Sorry, but I honestly wish I hadn't seen this.  I do understand, believe me.

Tony


----------



## Irwin (Apr 19, 2021)

Whenever I try to write poetry, it always starts off about a man from Nantucket.


----------



## tbeltrans (Apr 19, 2021)

Irwin said:


> Whenever I try to write poetry, it always starts off about a man from Nantucket.


Yes!  I always want to start with "There was a man from Nantucket...".   

Of course, we could clean it up with "A guy walks into a bar...".

Tony


----------



## SetWave (Apr 19, 2021)

tbeltrans said:


> Sorry, but I honestly wish I hadn't seen this.  I do understand, believe me.
> 
> Tony


Yeah, I understand. But the forum asked so I delivered.


tbeltrans said:


> Yes!  I always want to start with "There was a man from Nantucket...".
> 
> Of course, we could clean it up with "A guy walks into a bar...".
> 
> Tony


A guy from Nantucket walks into a bar . . .


----------



## tbeltrans (Apr 19, 2021)

SetWave said:


> Yeah, I understand. But the forum asked so I delivered.
> 
> A guy from Nantucket walks into a bar . . .

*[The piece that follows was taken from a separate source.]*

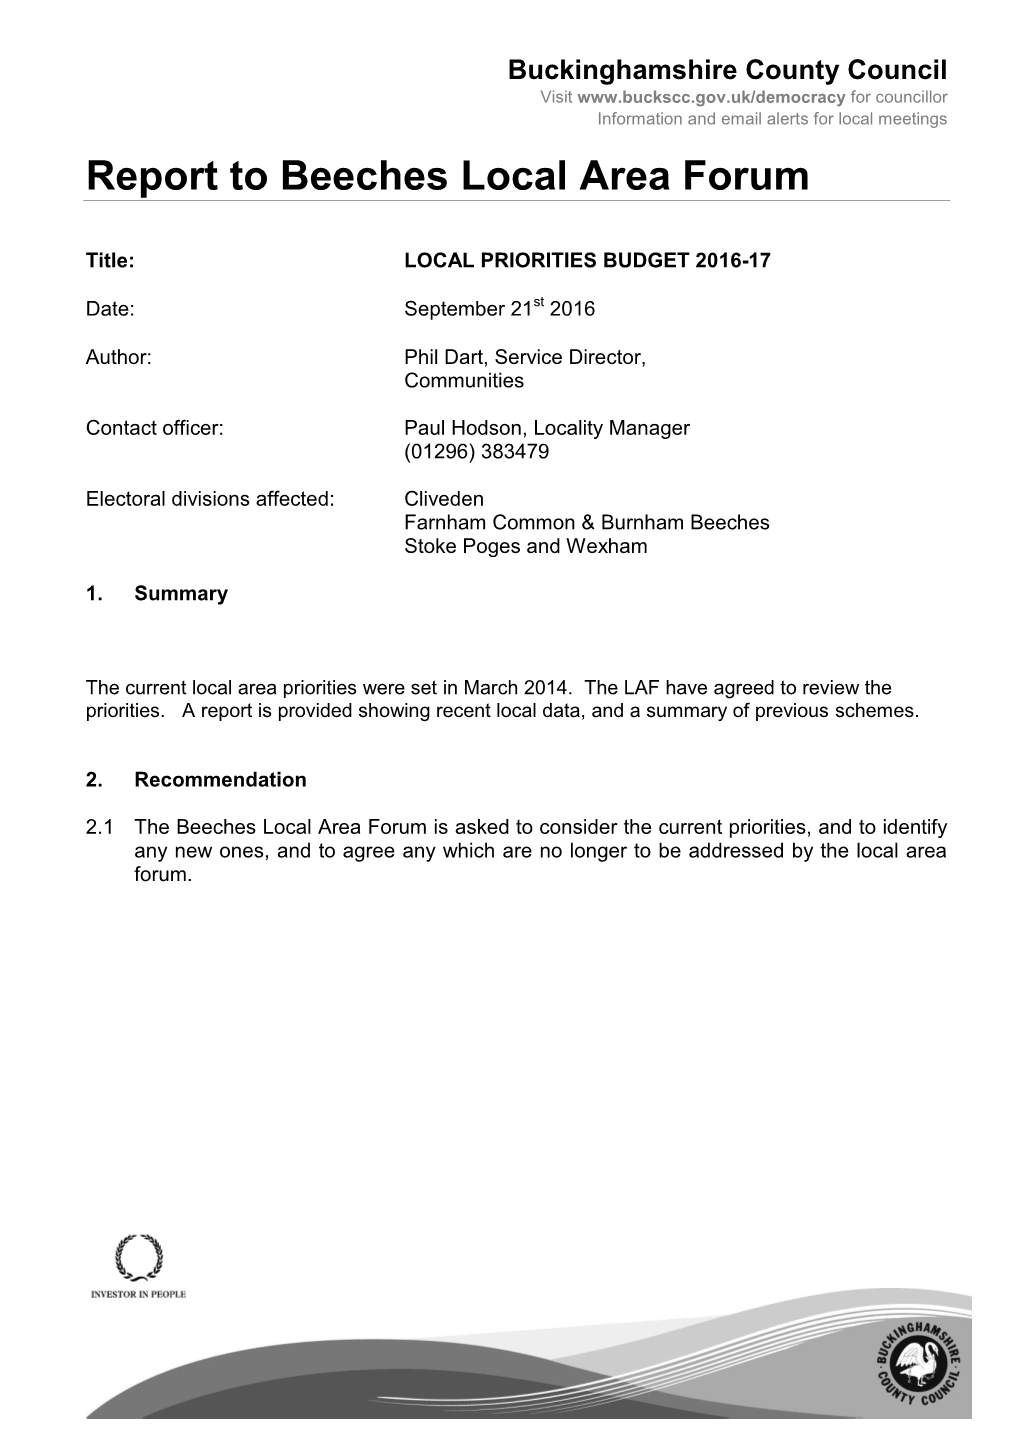 Local Priorities Refresh Beeches LAF PDF 168 KB

I know and am not trying to fault you.  I am sure you realize that every once in a while, we walk into something that brings it back.  We can't walk "on eggshells" trying to avoid it with each other.  I think what you wrote expressed it very well, so in a way, I suppose my reaction was a compliment.   

Your last sentence here ("A guy...") could almost be mixing metaphors, and in any case would produce interesting results. 

Tony


----------



## SetWave (Apr 19, 2021)

tbeltrans said:


> I know and am not trying to fault you.  I am sure you realize that every once in a while, we walk into something that brings it back.  We can't walk "on eggshells" trying to avoid it with each other.  I think what you wrote expressed it very well, so in a way, I suppose my reaction was a compliment.
> 
> Your last sentence here ("A guy...") could almost be mixing metaphors, and in any case would produce interesting results.
> 
> Tony


Thanks, Tony. Again, I'm sorry to open that door but . . . the forum asked so why not give it to 'em straight from the heart.


----------



## tbeltrans (Apr 19, 2021)

SetWave said:


> Thanks, Tony. Again, I'm sorry to open that door but . . . the forum asked so why not give it to 'em straight from the heart.


SetWave, we have been there ... and back so we understand each other.  I am fine and probably should not have commented.  You did a really good job of painting an accurate word picture and that is to be commended.   

Tony


----------